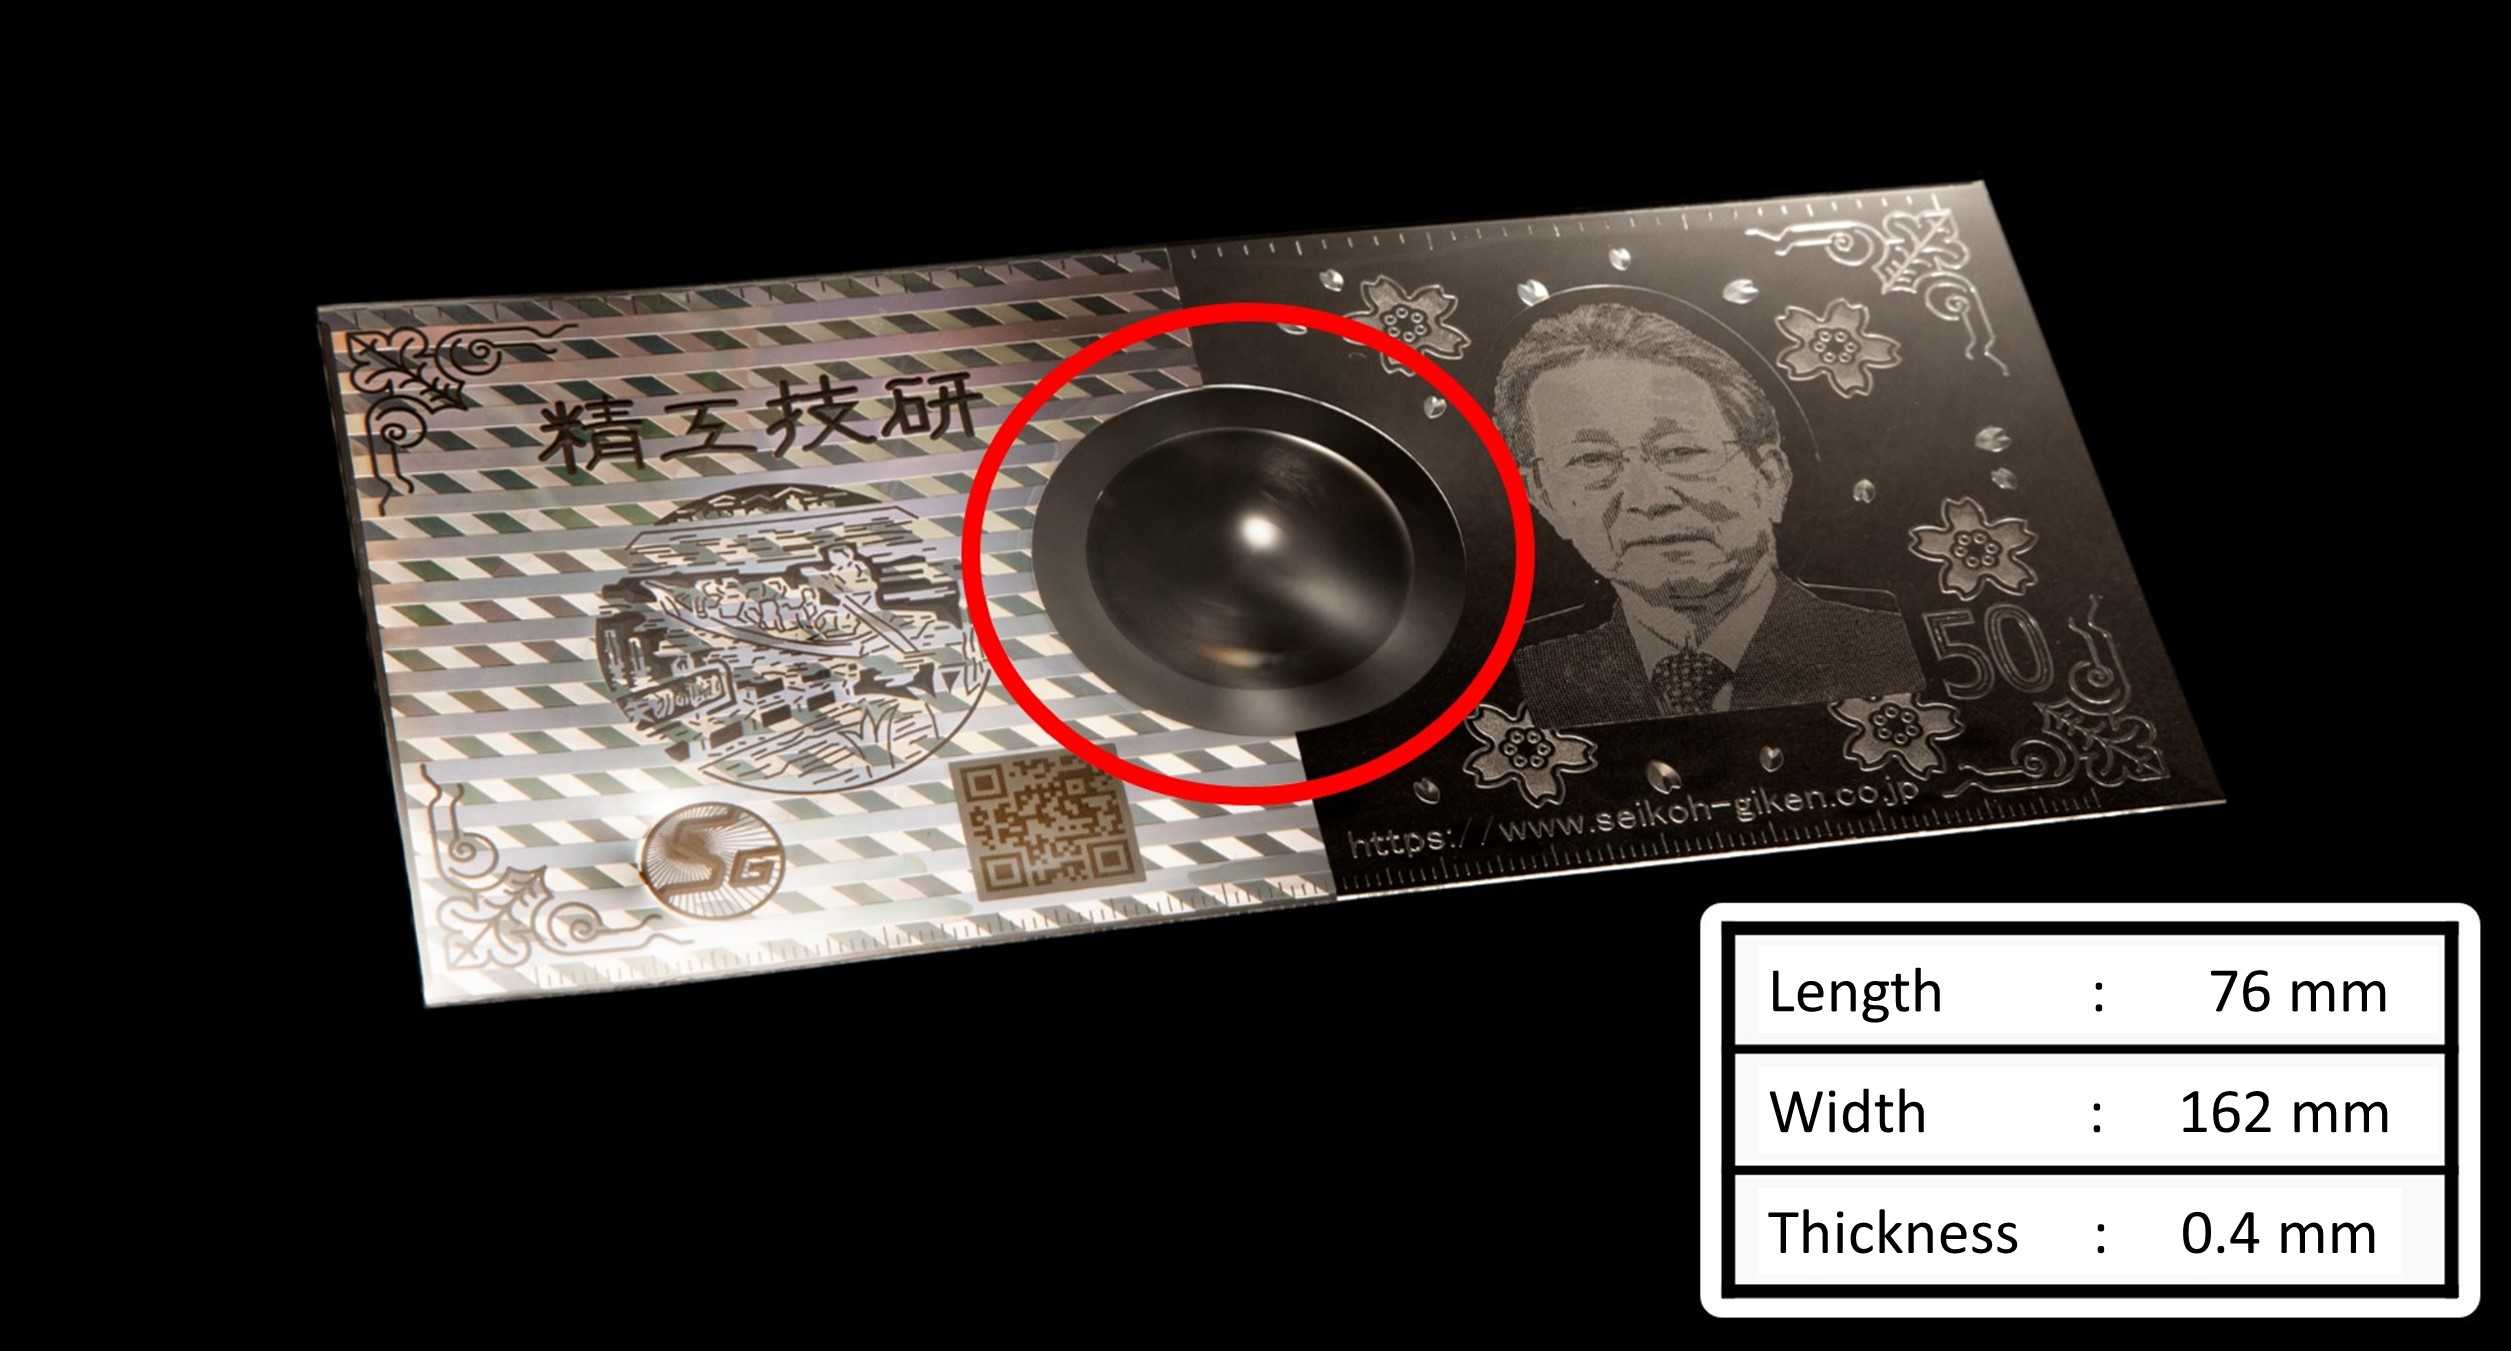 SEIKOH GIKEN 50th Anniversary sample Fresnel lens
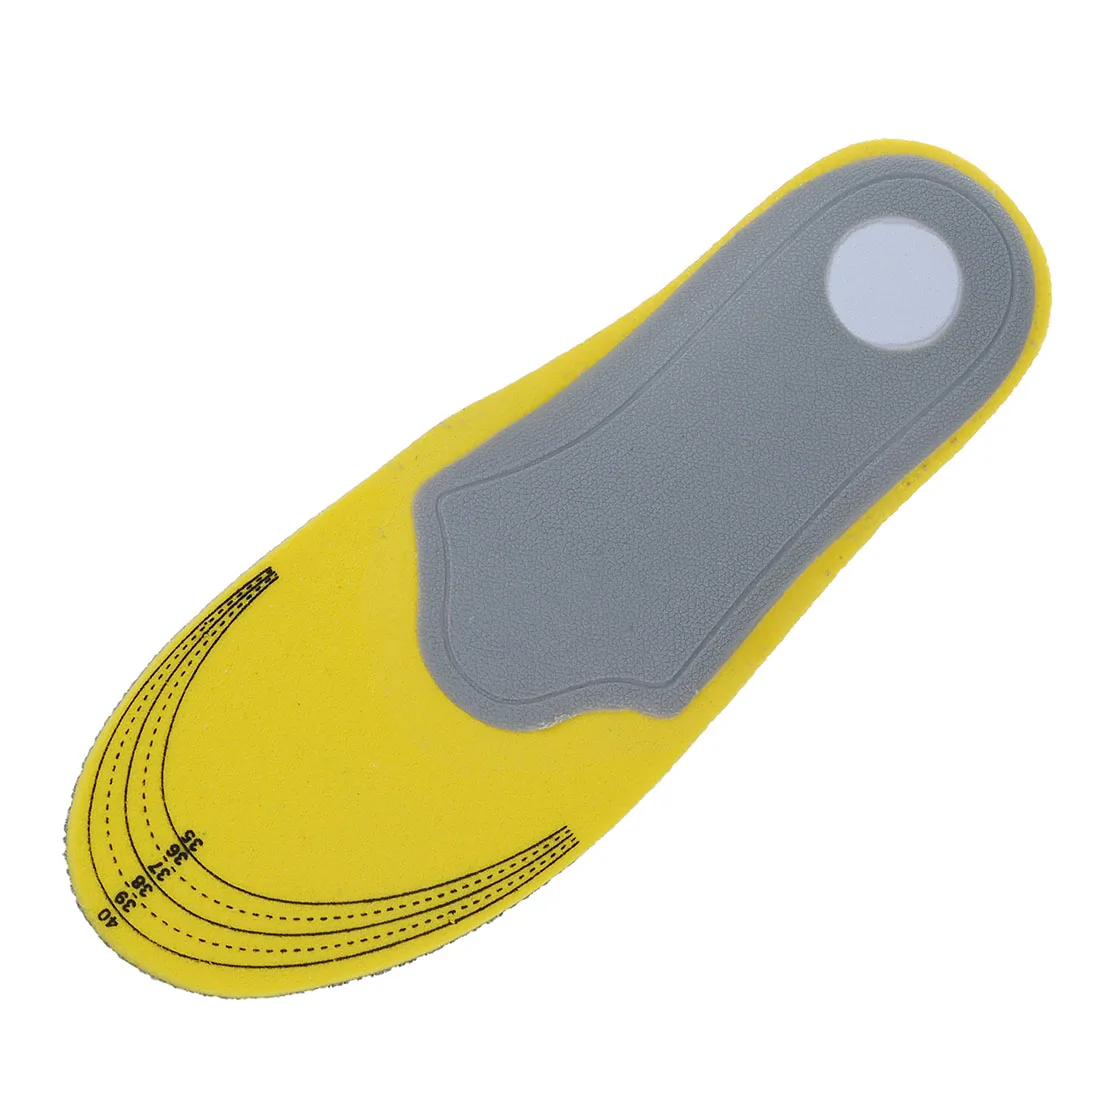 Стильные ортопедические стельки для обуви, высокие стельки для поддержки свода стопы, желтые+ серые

* * *

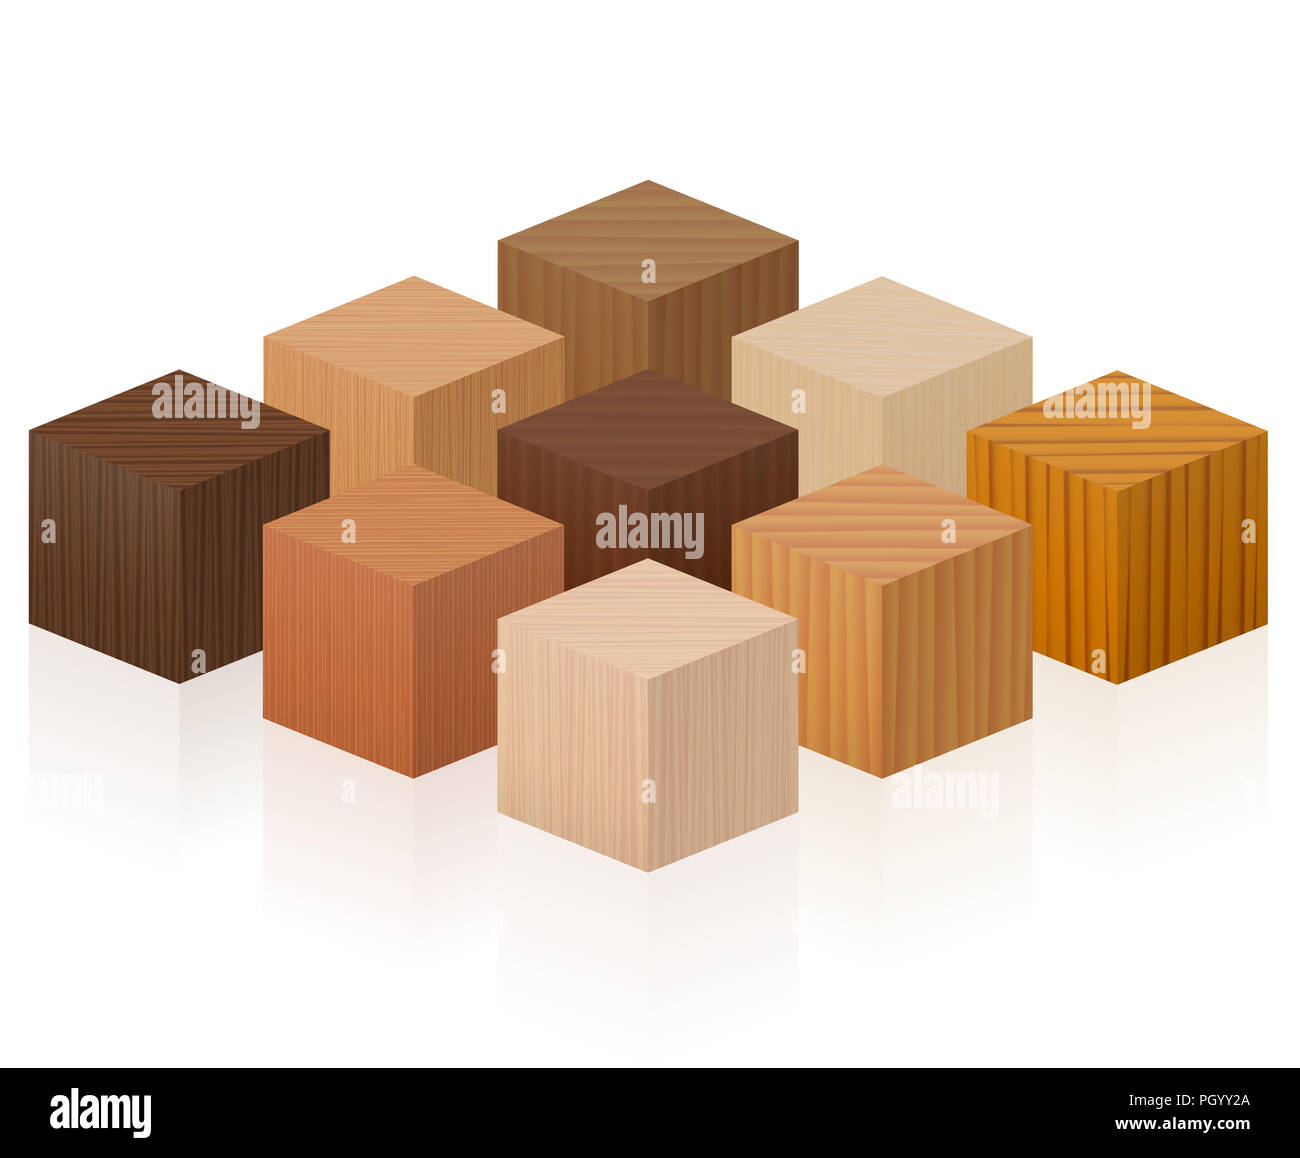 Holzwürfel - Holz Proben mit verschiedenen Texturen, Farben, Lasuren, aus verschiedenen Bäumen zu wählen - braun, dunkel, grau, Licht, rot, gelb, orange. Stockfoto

## Problem statement
From the line containing "SEIKOH GIKEN 50th" through the line containing "Стильные ортопедические стельки", copy every line above exactly, without pictures.

## Written answer
 SEIKOH GIKEN 50th Anniversary sample Fresnel lens
 Стильные ортопедические стельки для обуви, высокие стельки для поддержки свода стопы, желтые+ серые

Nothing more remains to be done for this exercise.